» Your objective:
Retype the whole listing exactly. Leave out pictures.

» Data excerpt:
--- --- ---

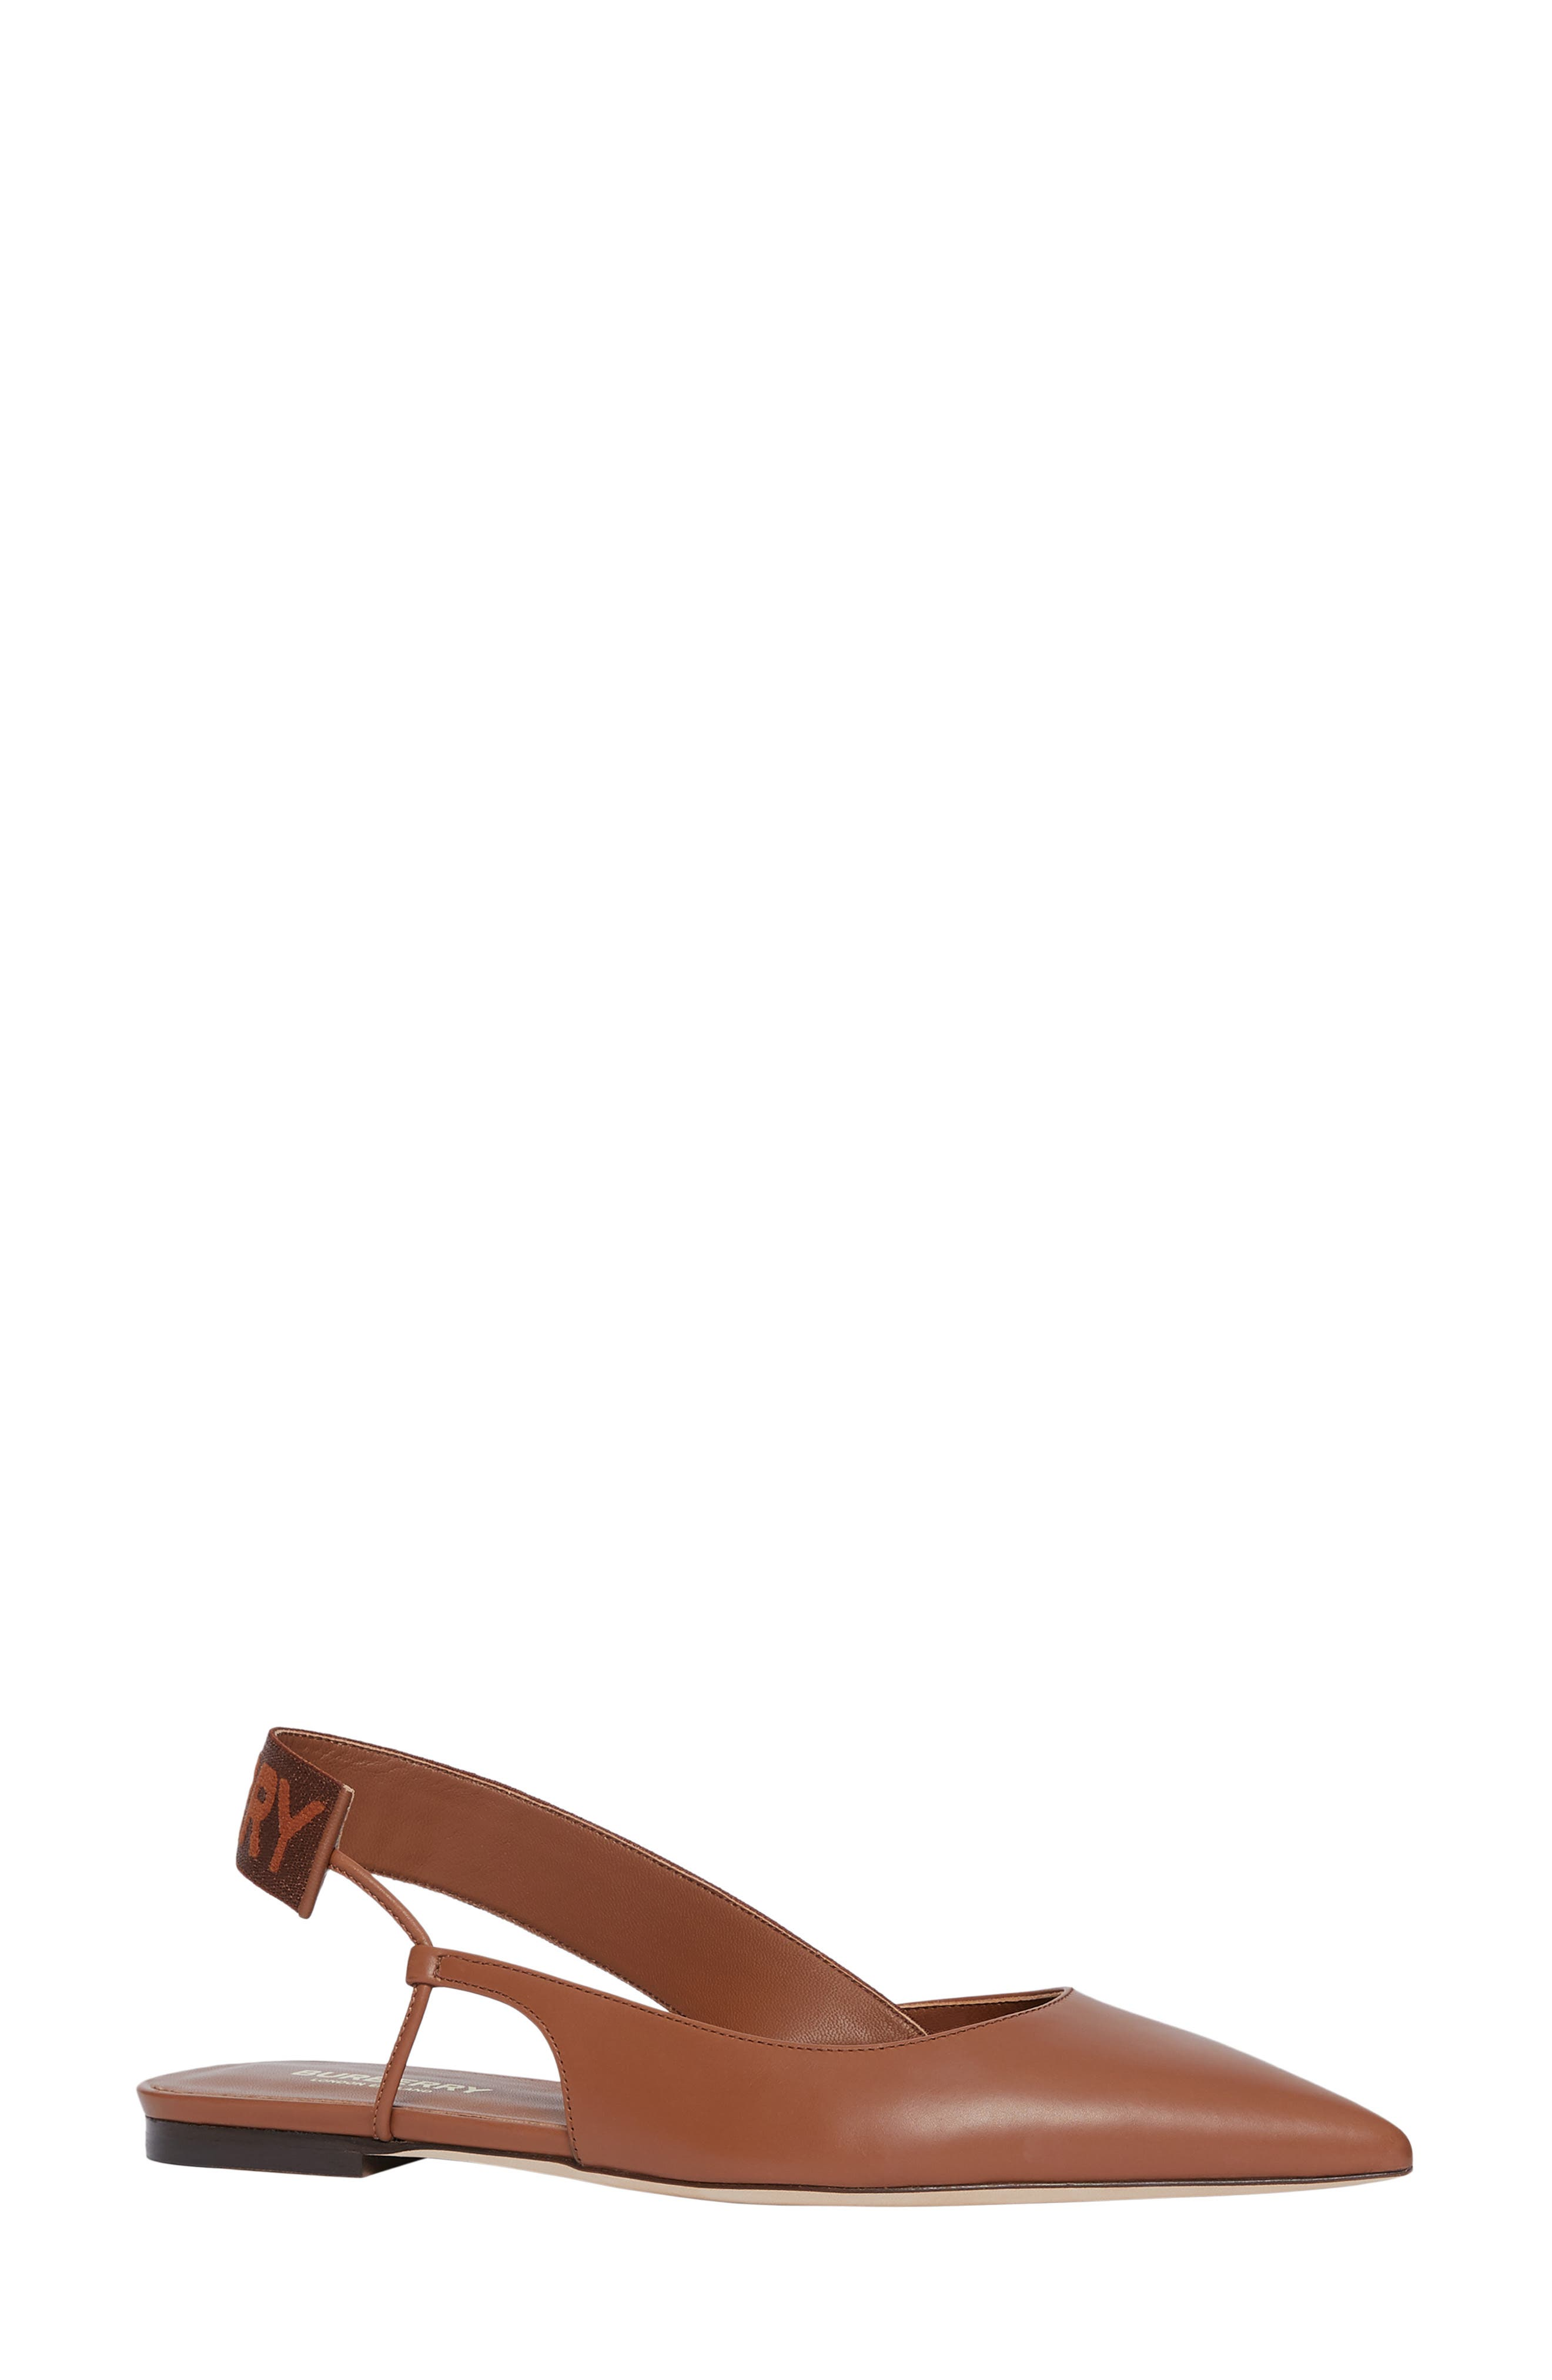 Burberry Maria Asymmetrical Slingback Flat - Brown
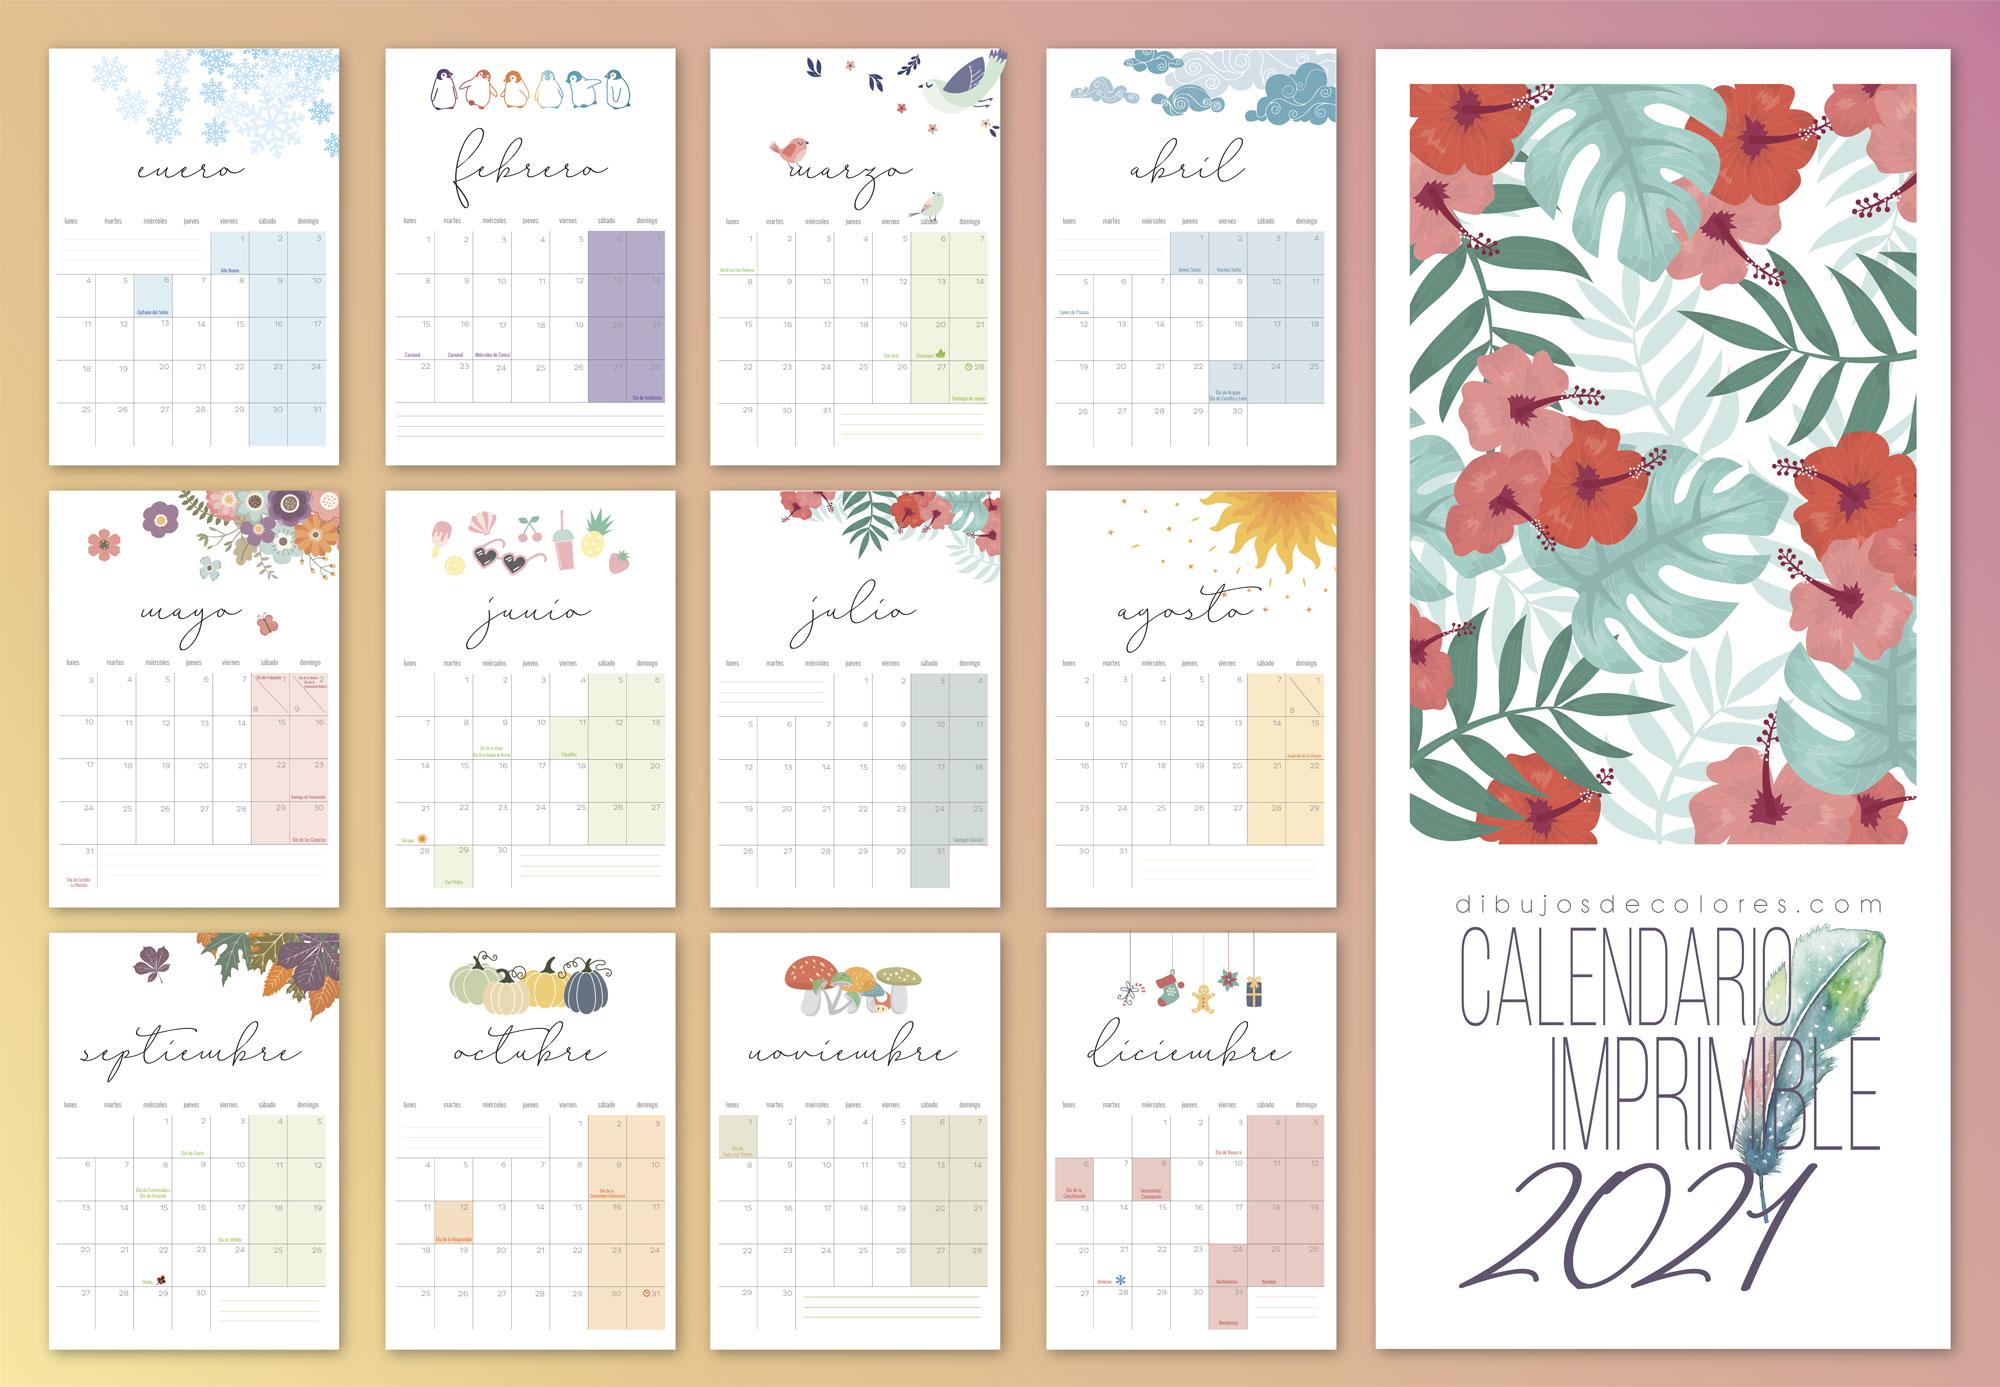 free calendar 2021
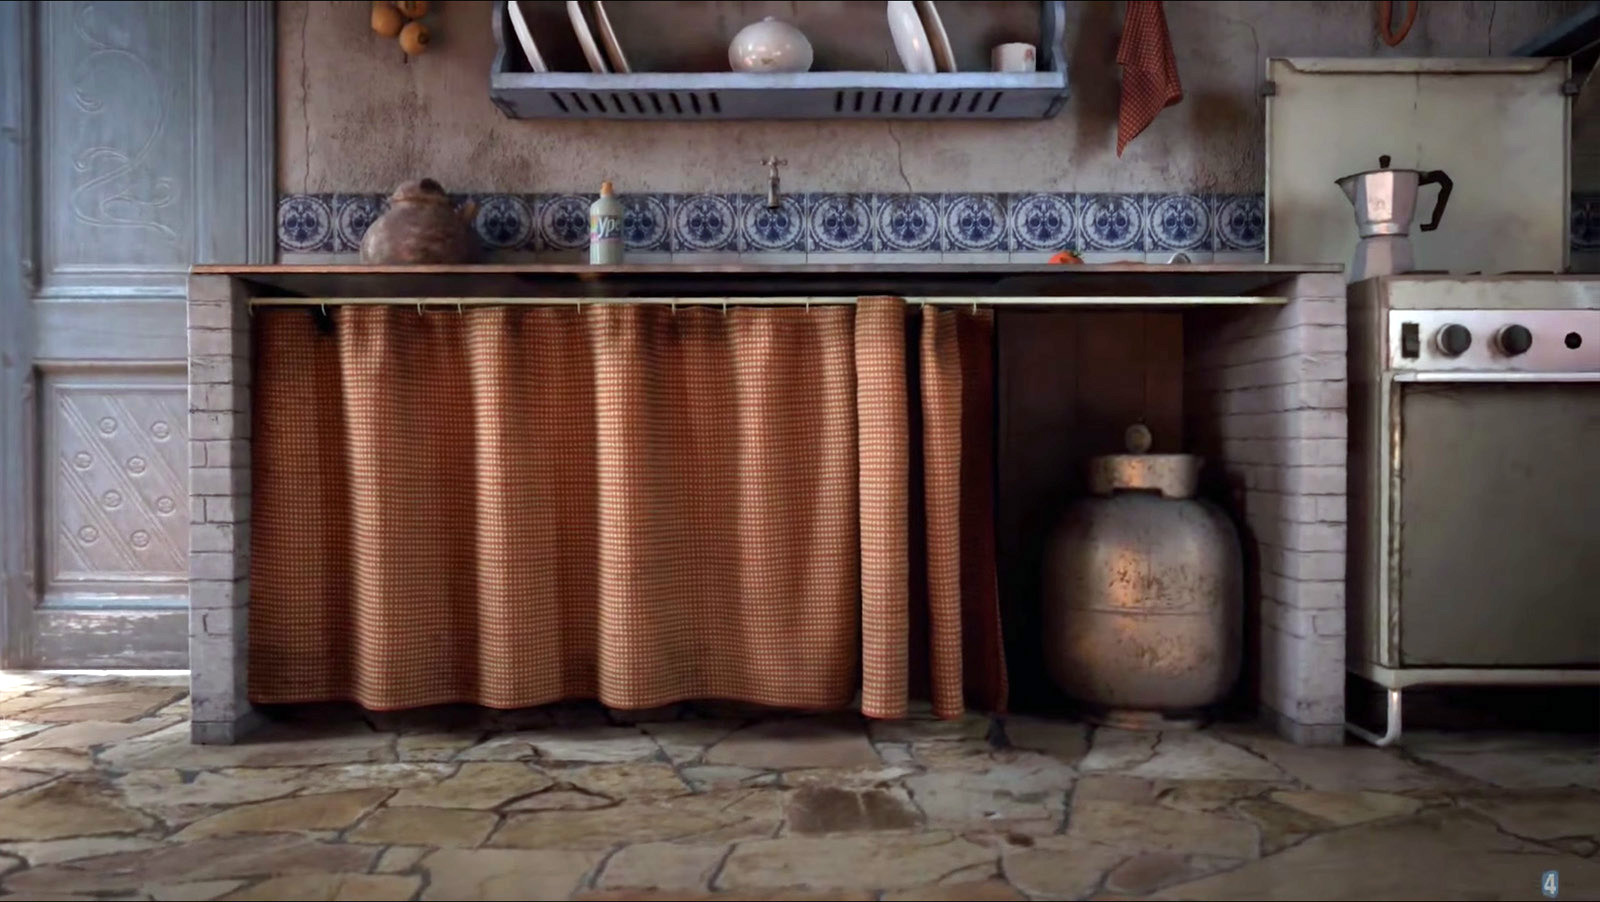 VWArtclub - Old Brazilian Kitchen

--- --- ---

» Result of the task:
 Burberry Maria Asymmetrical Slingback Flat - Brown
 free calendar 2021
 VWArtclub - Old Brazilian Kitchen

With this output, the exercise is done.